▶ [TASK BRIEF]: Exactly reproduce the lines of the listing below from the one containing "Обучение – бесплатно: в" through the one containing "Moneda de plata". Skip the images.

▶ [INFORMATION PROVIDED]:
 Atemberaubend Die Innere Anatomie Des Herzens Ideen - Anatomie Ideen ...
==
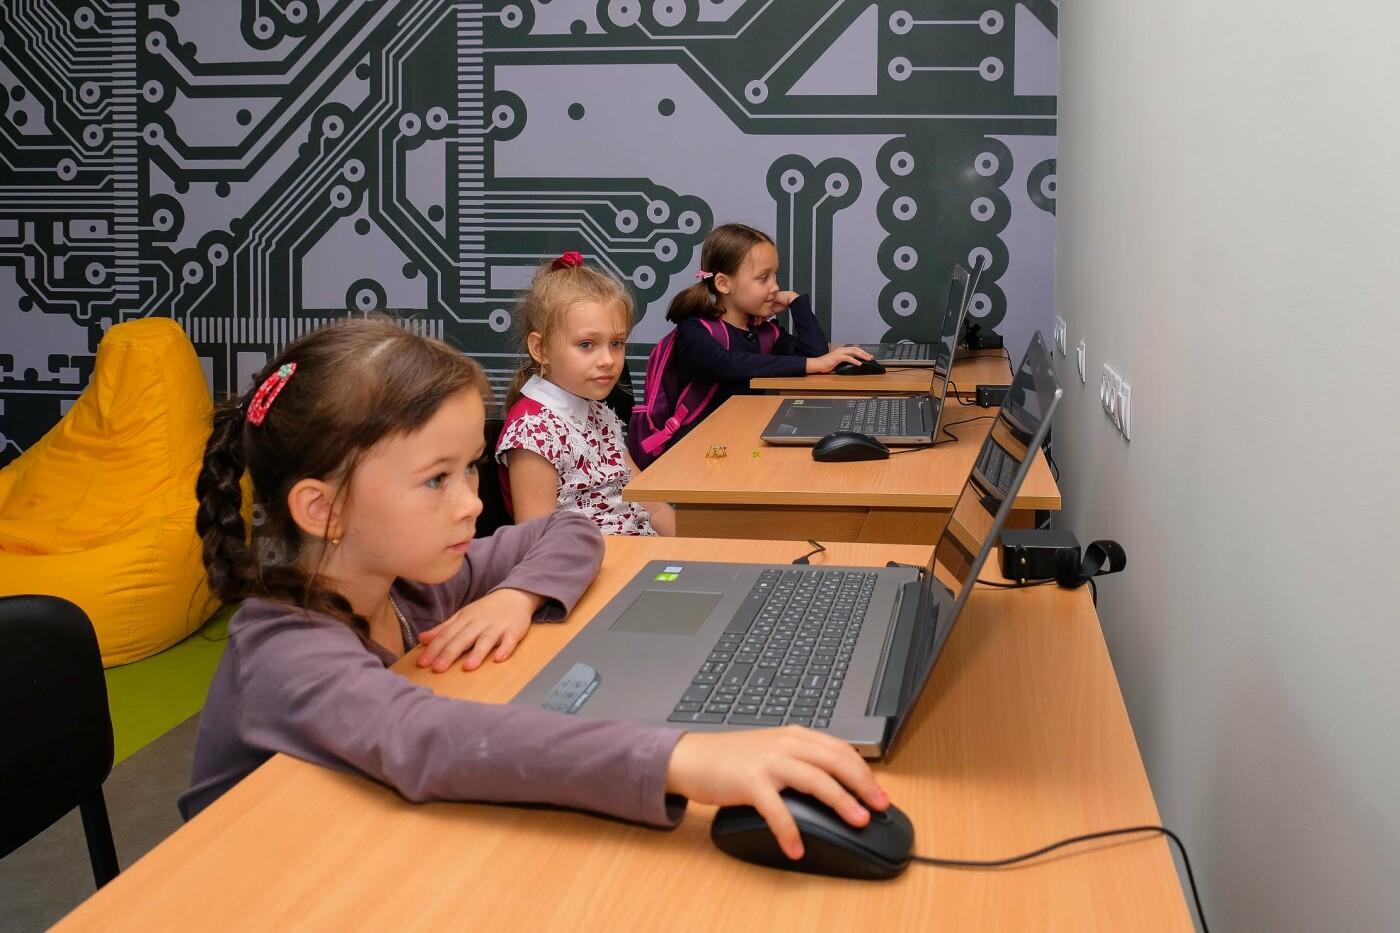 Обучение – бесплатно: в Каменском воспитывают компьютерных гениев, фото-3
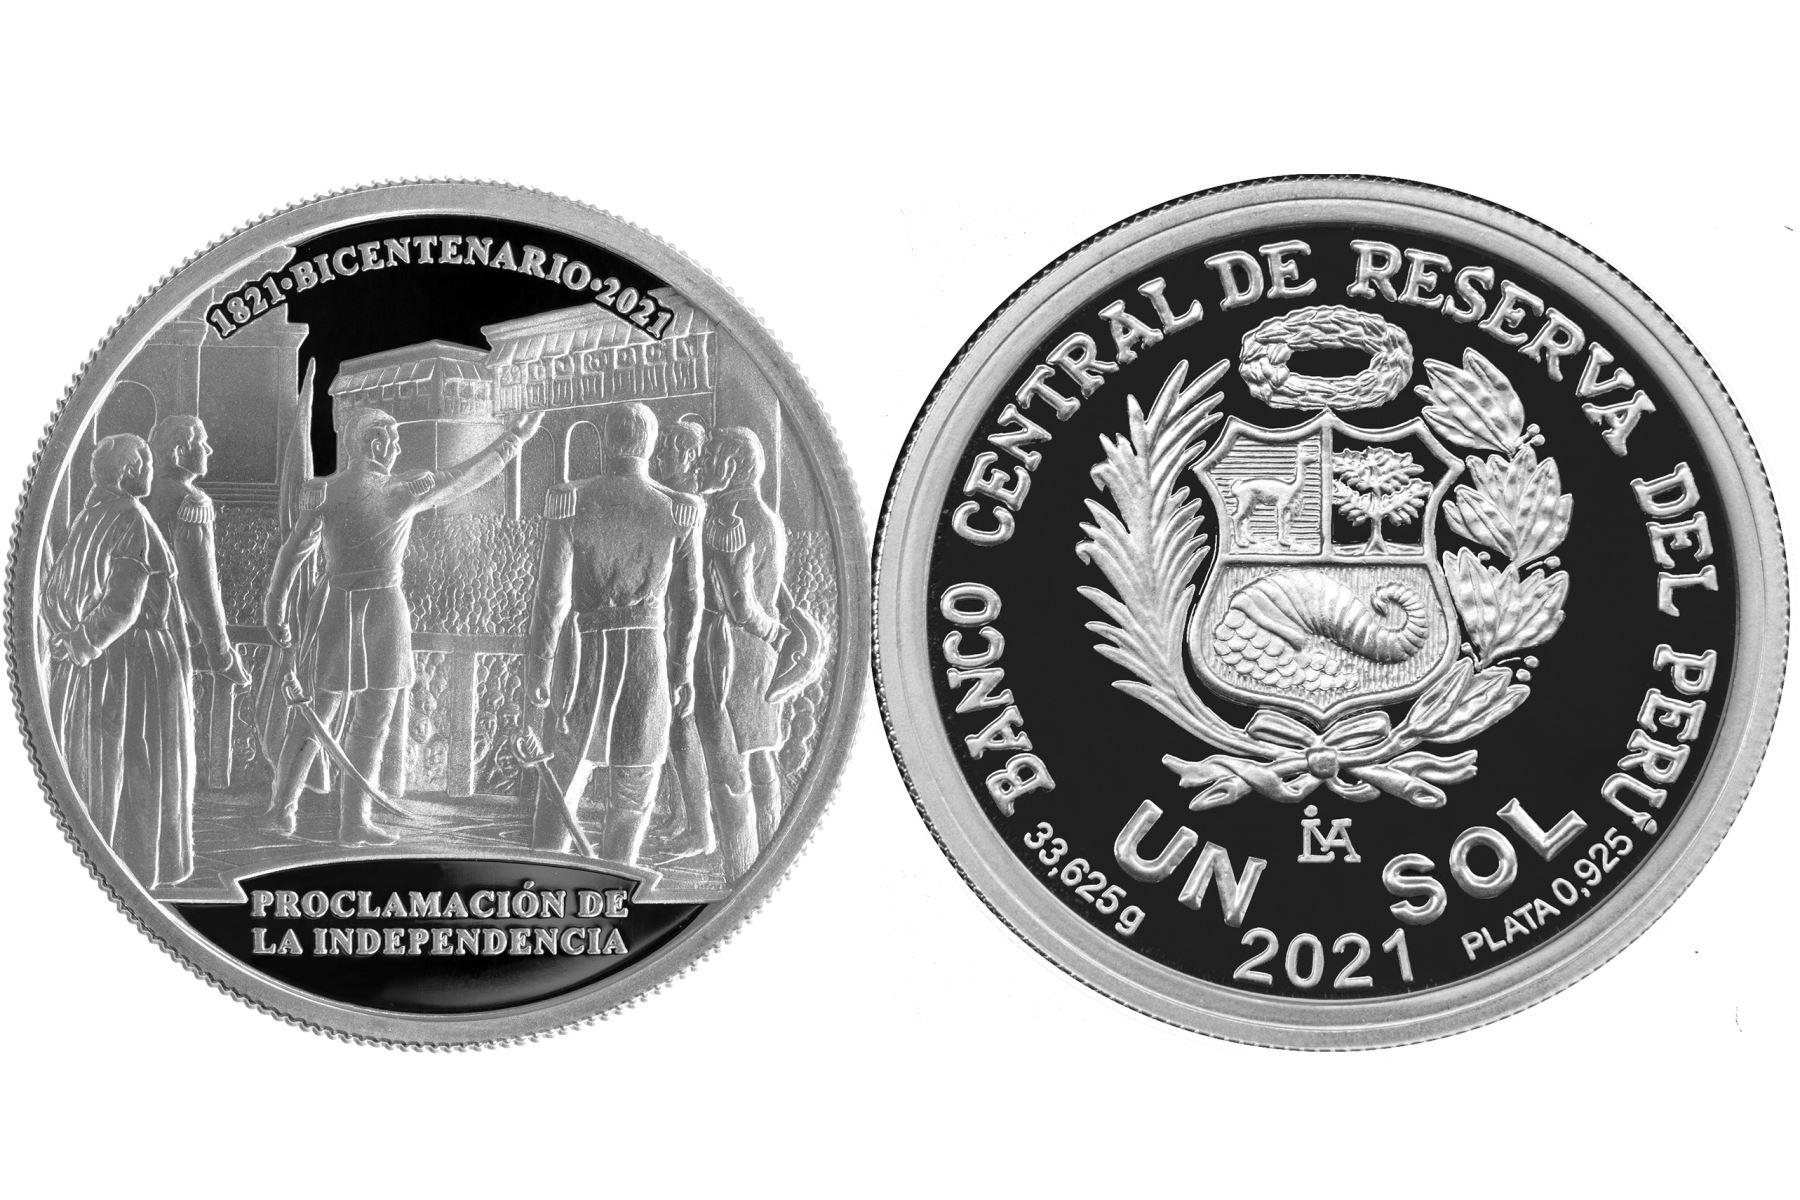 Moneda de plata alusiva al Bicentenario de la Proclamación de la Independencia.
==
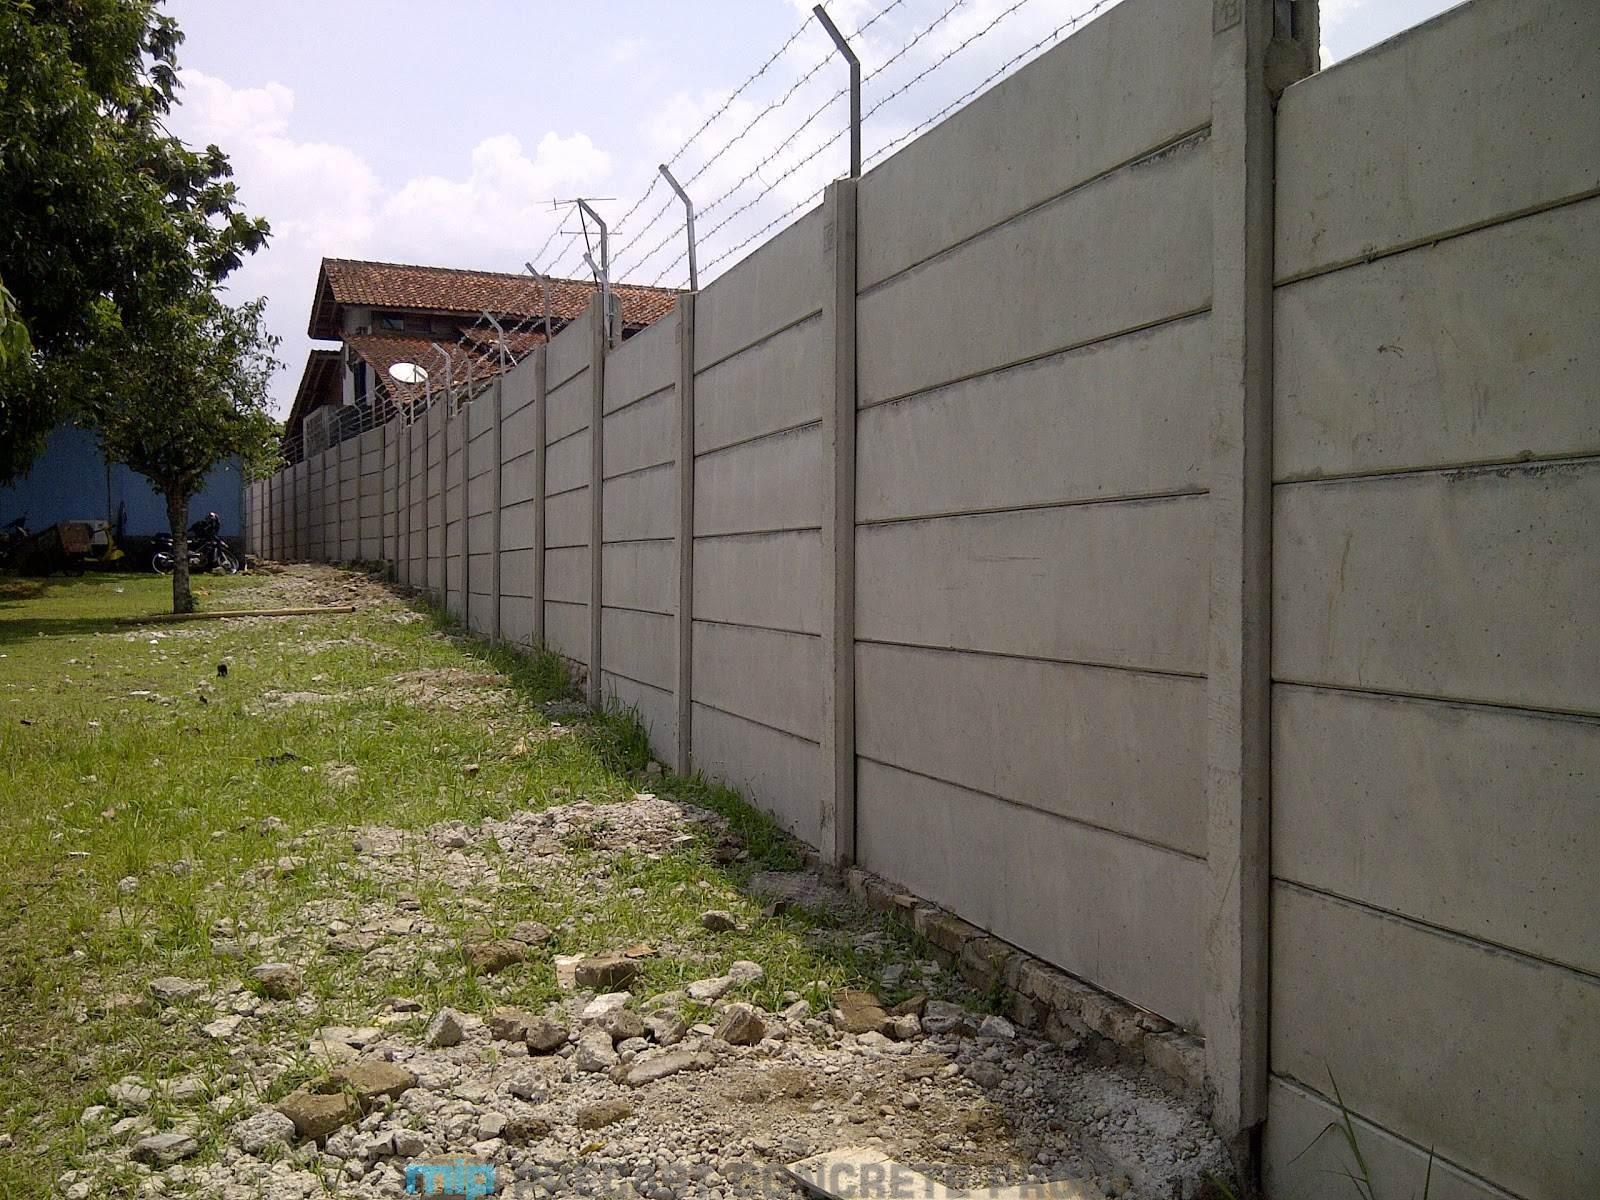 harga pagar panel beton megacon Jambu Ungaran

▶ [RESULT OF THE EXERCISE]:
 Обучение – бесплатно: в Каменском воспитывают компьютерных гениев, фото-3
 Moneda de plata alusiva al Bicentenario de la Proclamación de la Independencia.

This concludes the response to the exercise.